Не многие из наших крестьян втянулись в революционную авантюру. И при советах ещё долгое время продолжали жить по старинке. Жили до тех пор, пока советская пропаганда и агитация, как ржа не разъела души отдельных крестьян – активистов. Одурманенные люди превратились в настоящих служителей сатаны. С их помощью и начался всеобщий грабёж, названный потом раскулачиванием. Страху и горю на хуторах он наделало не мало. Не удалось отсидеться зажиточным людям за своими плетнями. Жизненный принцип — «моя хата с краю» — на этот раз не помог, не сработал. Активисты добрались и до краёв.

Десятки ограбленных властью хуторских семей потянулись, под конвоем, на русские Севера, в Сибирь, Казахстан и куда подалее. Потянулись без имущества, без мнимых прав и свобод, без ничего. Многие потом там и сгинули, и пропали без вести [162]. Вот после такого страха-то и увиденного соседского горя, попробуй и не пойди в колхоз? Советская власть, вдобавок ко всему — ещё и хитрая штука. Она прекрасно понимала, что объяви она вначале о приёме в колхоз, кто же в него пойдёт?

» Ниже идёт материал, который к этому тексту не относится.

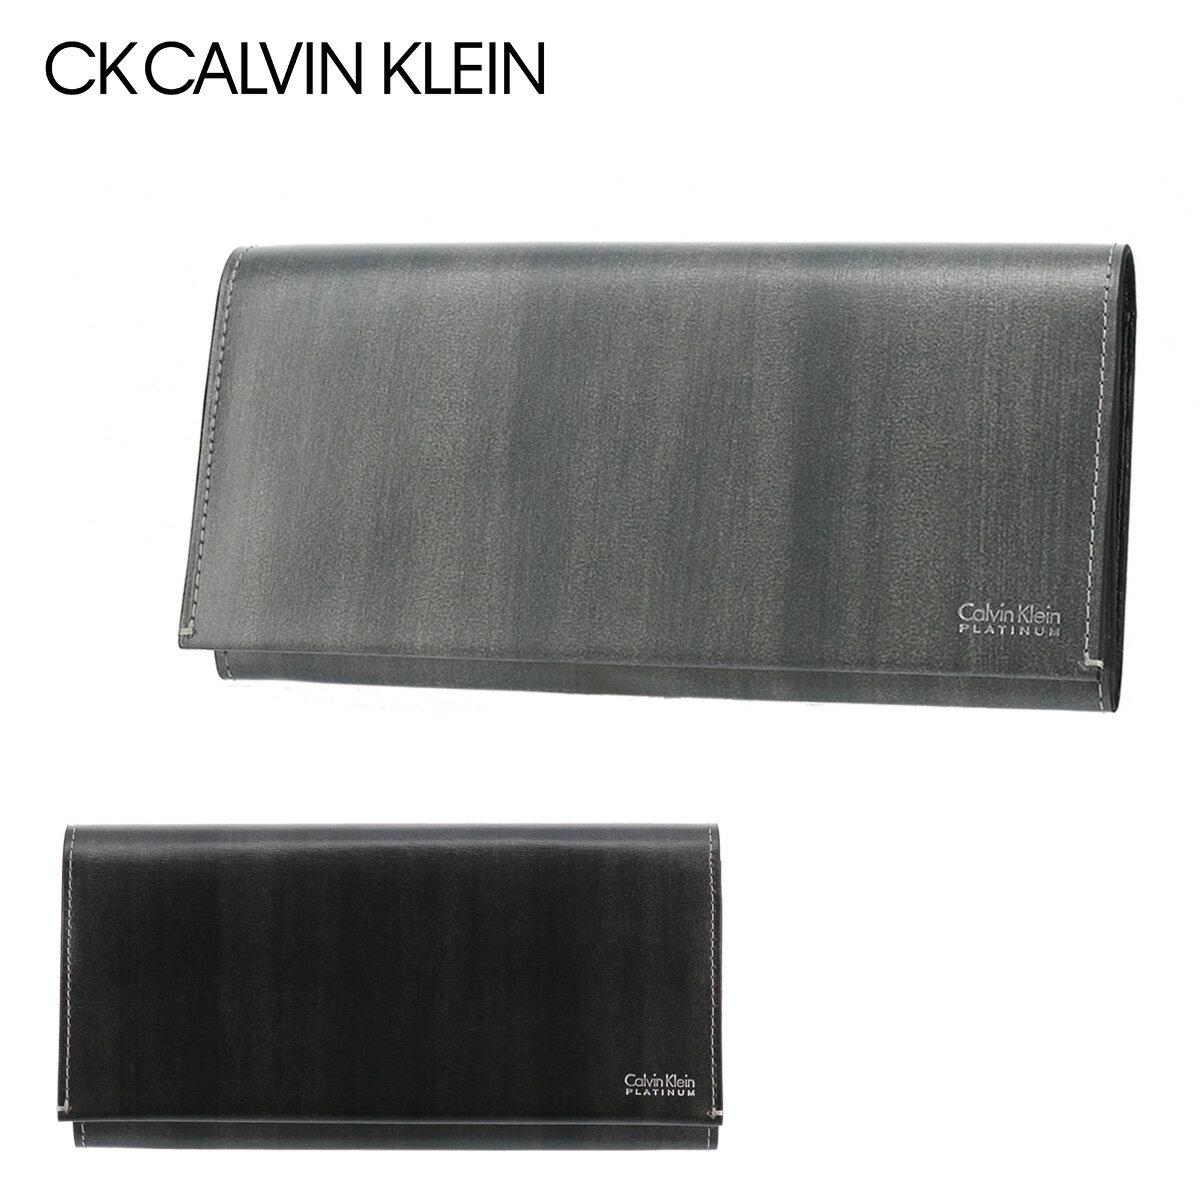 カルバンクライン 長財布 ボルダー 839616 Calvin Klein PLATINUM プラティナム CK シーケー プラチナム メンズ 本革
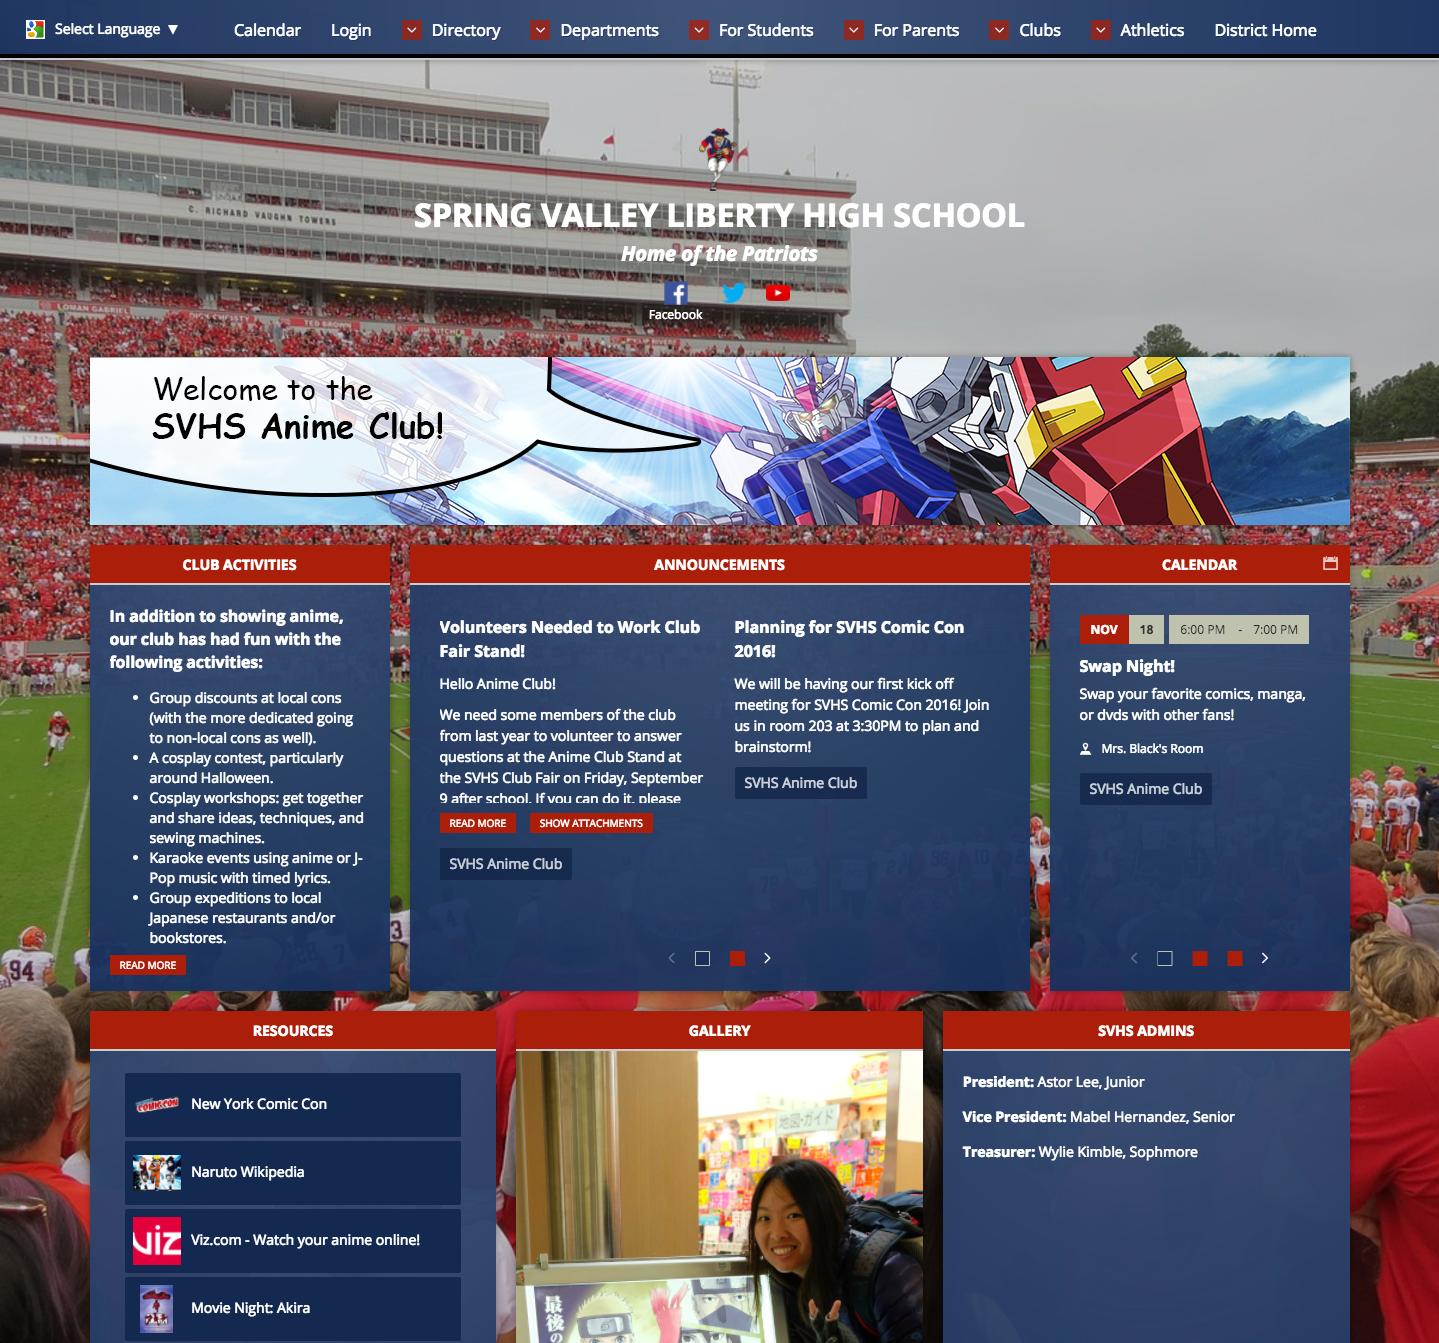 High School Club Web Page

Никто. А прижми, как следует, мелкого сельского собственника, выдави из него слёзы и кровушку, вот тогда с ним и можно разговаривать. Прижали так трудягу-крестьянина и выдавили из него столько слёз и кровушки, что у проклятых советов, аж, дурная голова закружилась от успехов [163]. Когда стали записывать людей в колхоз, по нашим весям не нашлось ни одного отказника.

Так, все скопом в безбожие и записались.

Голод начала тридцатых годов и впроголодь всё последующее время, каторжный труд с утра и до вечера, страх и трепет перед властью – всё это и ещё многое чего другое, сполна испытали мои земляки. Потому и не спешили рваться на советско-германский фронт. Чего они там забыли? Жизнь одна и своя рубаха ближе к телу. А советская власть, так и вовсе – и не жизнь, и не рубаха. Кто попадал на фронт, старались, как можно быстрее возвратиться домой. И возвращались. Если не перебегали к немцам, конечно. По моим наблюдениям и подсчётам, около трёх четвертей хуторян дезертировали в начальный период войны. В сорок третьем году власть их «помиловала» и опять забрала на войну. Забрала не из милости, какая уж тут милость, а из-за скудности человеческой. По тюрьмам и войнам народец весь порастрясли. И дожились до такого, что и воевать-то стало некому. Для пушечного же мяса годились все.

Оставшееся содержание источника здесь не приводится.